186 So. 2d 315 | Fla. Dist. Ct. App. | 1966

HENDRY, Chief Judge.

This is an appeal- by the defendant, Albert J. Reynolds, from a judgment and sentence following a non-jury trial and conviction of larceny of an automobile.

On December 14, 1964 Reynolds went to a used car lot and approached one of the salesmen. He told the salesman that he had previously been looking at a Ranchero truck and wanted to see it again. The salesman pointed out the truck, ■ a 1962 Ford Ranchero. The owner of the lot moved the truck under the lights so that Reynolds could get a better look at it. He then left to answer the telephone. When he returned, Reynolds and the truck were missing. Two or three days later the police returned the truck to the lot.

A witness testified that on December 7, 1964 or December 14, 1964 she saw Reynolds driving a truck.
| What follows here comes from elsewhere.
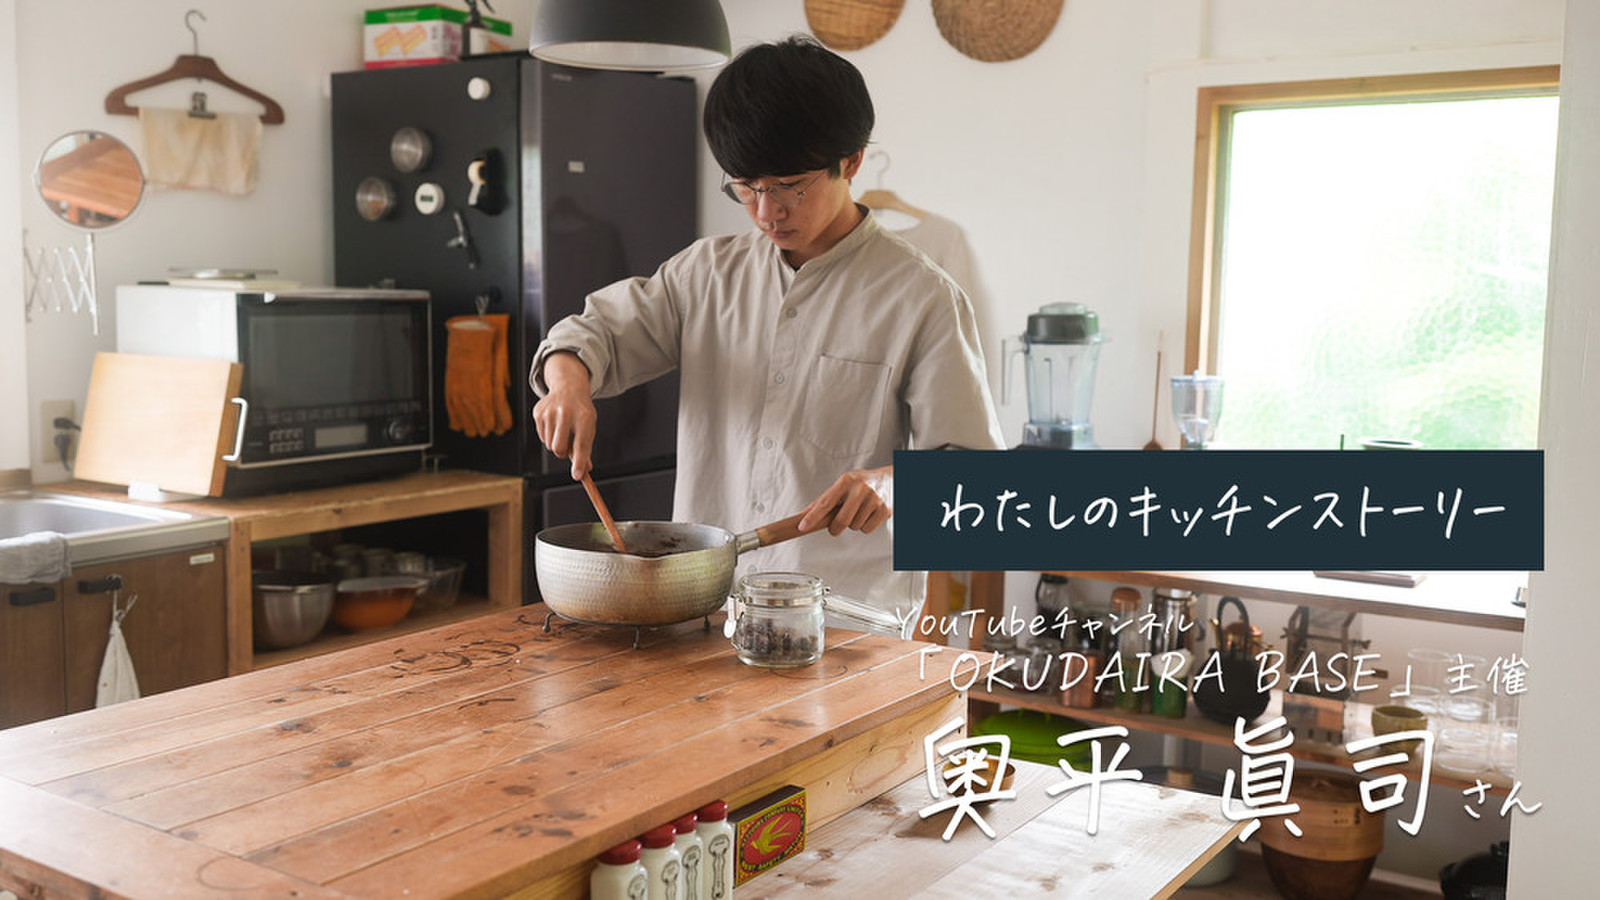 暮らし系Youtube「OKUDAIRA BASE」主催・奥平さんの “育てる” キッチン。足りないところは暮らしながら埋めていけばいい

She described the truck as having a lot of silver and gold on the back and “something like a dog catcher”.

The defendant contends that the state failed to establish a prima facie case of larceny.
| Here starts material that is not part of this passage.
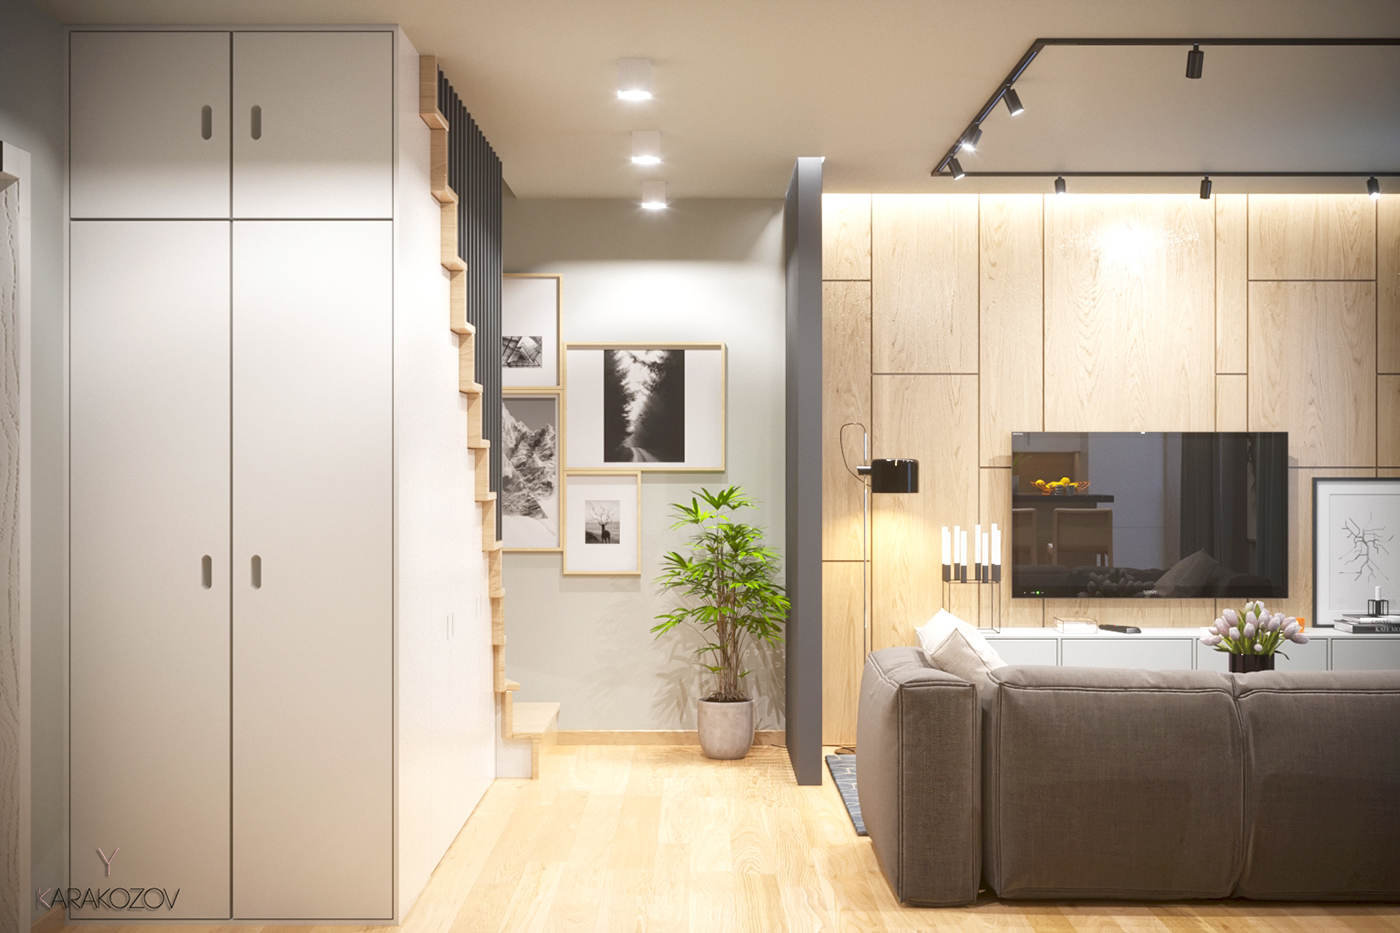 apartment Livig Room duplex kiev ukraine kitchen stair wood modern design

The evidence against Reynolds is wholly circumstantial in character. Thus, it is not enough that the facts create a strong probability of guilt, they must be inconsistent with innocence.1

The evidence herein does not foreclose all reasonable inference of innocence and therefore the judgment appealed must be reversed.2

In view of our holding above, defendant’s other contention was not considered.

Accordingly, the judgment appealed is-reversed and the defendant is discharged.

It is so ordered.

. Frank v. State, 121 Pla. 63, 163 So. 223 (1935).

. Smoak v. State, Fla.1956, 87 So.2d 513.